Но этого я ей не сказал. Зачем? Для чего? Не было смысла. Я чувствовал, что судьба против нас. С кротовым упорством роет меж нами какую-то яму – и день ото дня яма становится шире и глубже.
Прошло три года. И вот однажды она явилась совсем иная. Прежняя, гордая, неукрощенная. Словно она наконец вернулась из многолетнего путешествия. Мы и любили друг друга как прежде – с тою же радостью и свободой.
Но перед тем как со мной проститься, она неожиданно помрачнела. И – точно собравшись с духом – сказала:
– Мой дорогой, я пришла за помощью.
Что должен я сделать? Помочь ей уехать.
С ее сыновьями. И навсегда.
Она вздохнула:
– Вам сложно понять. Была я не самой хорошей женой. Но после того как он лег в эту землю, мне стало трудно по ней ходить. Поверьте, что это так, и – простите.
И я помог ей, все время думая, что помогаю в последний раз. И мысль эта меня преследовала.
Когда мы прощались, она сказала:
– Странно, я все вспоминаю тот день, когда вы впервые вошли в наш дом – конфисковать наше имущество.
– Я тоже все время его вспоминаю.
Она улыбнулась:
– Немудрено. Вы и меня тогда конфисковали. Прощайте. Не поминайте лихом.
– Прощайте, Юдифь. И будьте счастливы.
Она покачала головой:
– Счастливыми мы с вами не будем.
Чистая правда. Все так и есть. Нам с нею надо было спастись, как-нибудь выжить, на это ушли все наши последние силы. И годы, когда мы еще могли чувствовать и испытывать счастье.
Однажды, спустя несколько лет, я получил от нее письмо. Хотите взглянуть? Оно со мною. Конечно, принято говорить: случайно оказалось со мною. Но обойдемся без этой уловки. Я постоянно его ношу.
Он протянул мне мятый конверт. Я осторожно извлек листки – такие же мятые, много раз читанные – можно было понять по их виду.
Письмо состояло из нескольких фраз. Должно быть, внезапно случилась оказия, времени не было, торопилась. Почерк был нервный, летящий, размашистый, впрочем, достаточно разборчивый. Большую часть этой эпистолы мне удалось удержать в своей памяти.
«Как поживаете, мой родной? И вспоминаете ли хоть изредка – о Вашей Юдифи? Хотелось бы верить. А слово «Ваша» – не просто слово, не просто штамп, не фигура речи. Женщина с первого взгляда чувствует, кто ее настоящий хозяин. Также, как собственные возможности.
Я постепенно пускаю корни на своей новой древней земле. Мальчики стали уже мужчинами. Оба нашли свое место в жизни – их уже знают и уважают. Достойно наследуют имя отца.

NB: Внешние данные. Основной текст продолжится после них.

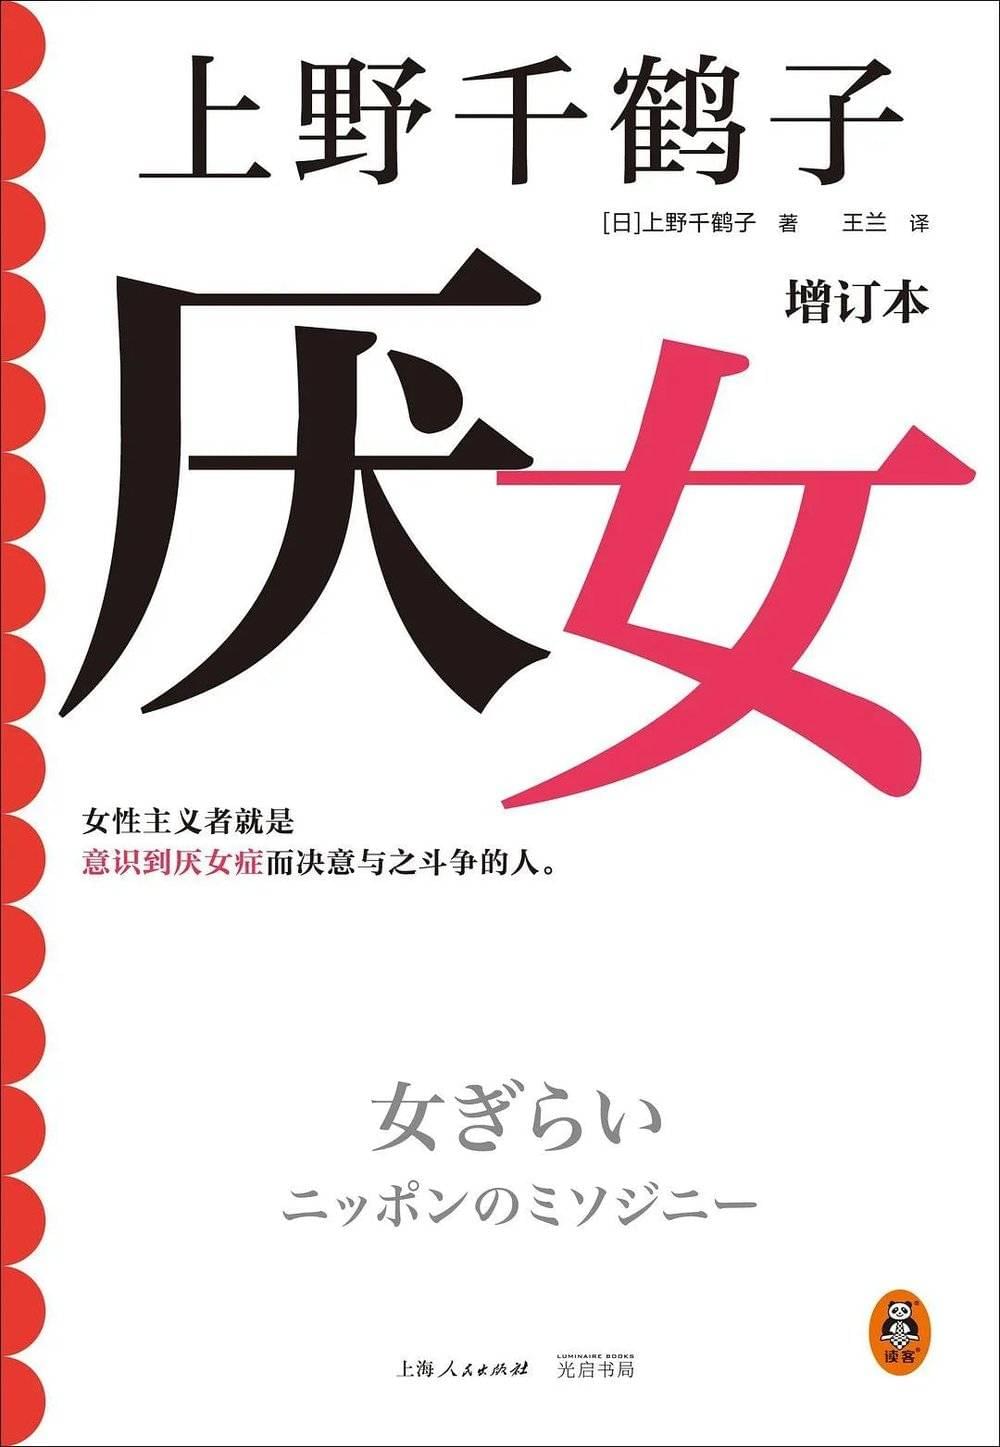 今年，上野千鹤子的热销书《厌女》在中国内地推出了增订本。<br>

Я думаю о Вас часто и много. Не столько даже о человеке какой-то сверхъестественной храбрости, почти непостижимой отваги, сколько как о моем единственном, давшем мне мое бабье счастье.
Наша любовь была нелегкой, было в ней и нечто больное, но время сдувает все, что наносно, зато и отцеживает все подлинное.

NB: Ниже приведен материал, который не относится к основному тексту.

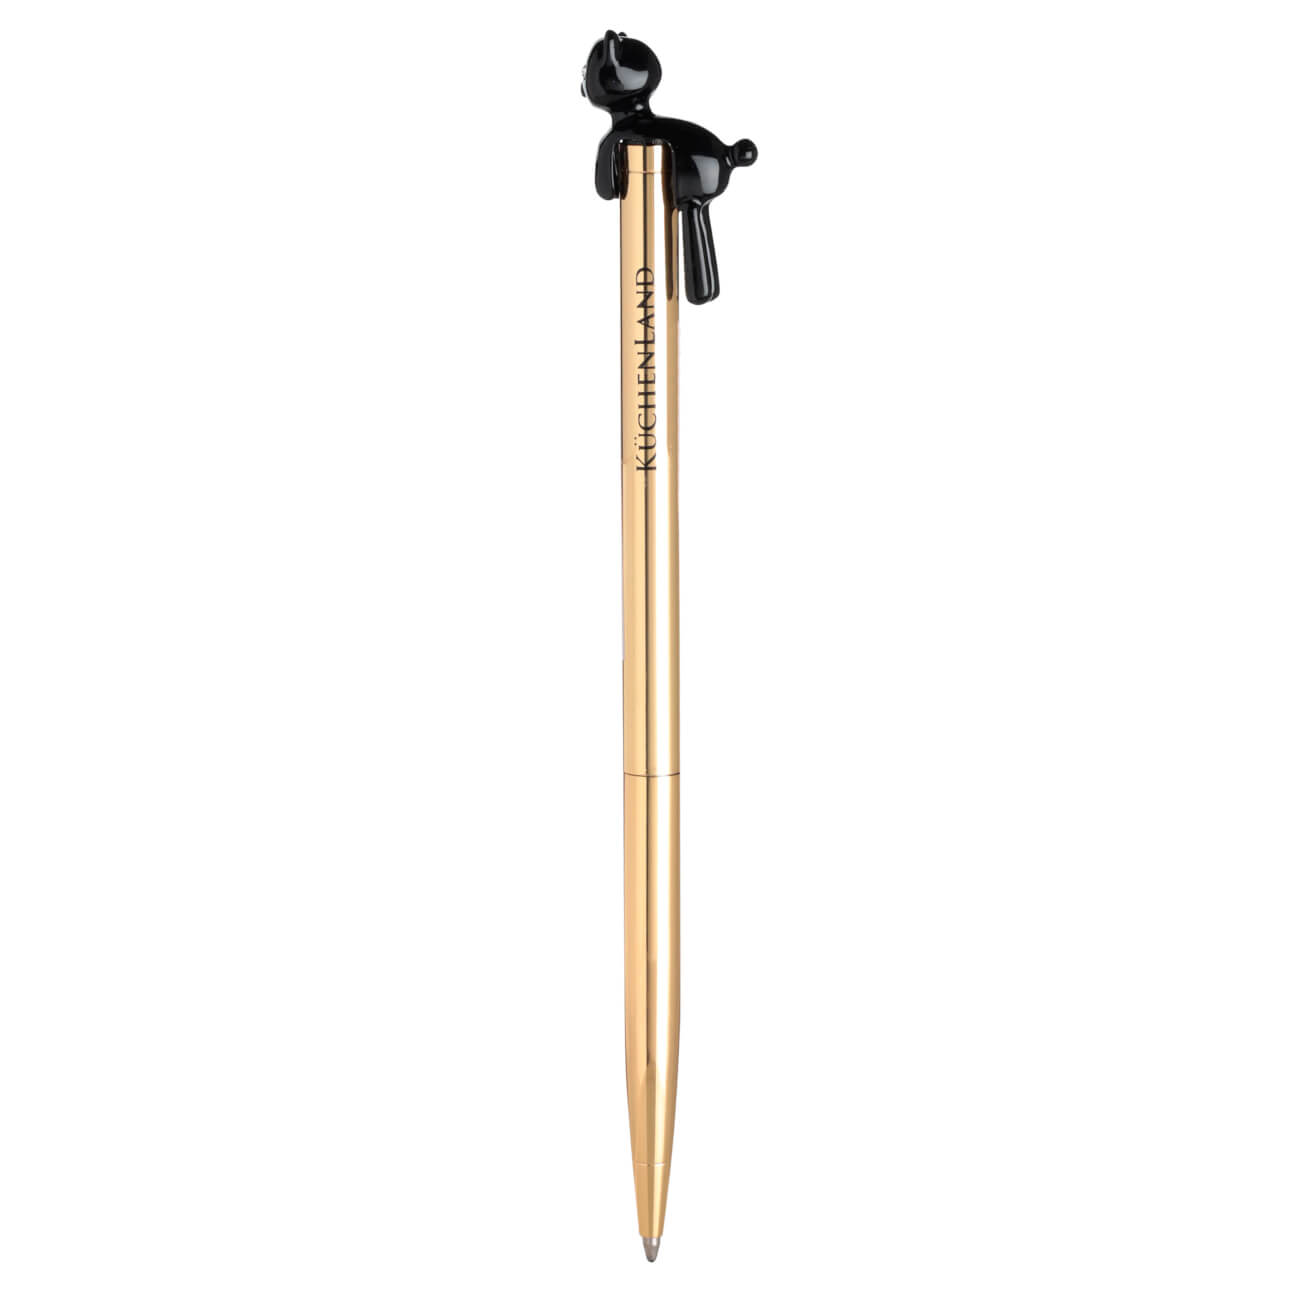 Ручка шариковая, 14 см, с фигуркой, металл, золотистая, Черный кот, Draw figure ручка скоба kerron 128 мм золото s 2171 128 ot

Пусть Бог или та непонятная сила, которую называют Богом, хранит Вас в этом безумном мире. До этой поры она берегла Вас. Надеюсь, не оставит и впредь. Живите, покамест жизнь Вам будет не в тягость, а в радость. Не забывайте».
Я возвратил ему конверт. Он бережно спрятал его в карман, коснулся своей рюмкой моей. И усмехнулся:
– Я говорил вам: женщина чувствует запах судьбы. И безошибочно. Будем здоровы. Эту последнюю – за нее. Она была всем женщинам женщина.
Мы вышли на пустынную набережную. Еле мерцавшие фонари подсвечивали маслянистые волны. Они отливали клеенчатым блеском и омывали прибрежную гальку с медлительной дремотной ленцой, неслышно, беззвучно, как будто нехотя. Казалось, что море устало за день и тоже укладывается спать.
Остановились мы у дорожки, ведущей в гору, – нам оставалось преодолеть еще три витка, чтобы дойти до нашего Дома.
– Собрались в постельку?
Я удивился:
– А вы разве – нет?
– Еще поброжу.
Вскорости я вернулся в Москву. В столице мы виделись редко и скупо, хотя и жили с ним по соседству. Возможно, он себя и поругивал за эту внезапную откровенность. Впрочем, однажды зазвал к себе в гости и познакомил с Шарлоттой Павловной – полной седоголовой немочкой.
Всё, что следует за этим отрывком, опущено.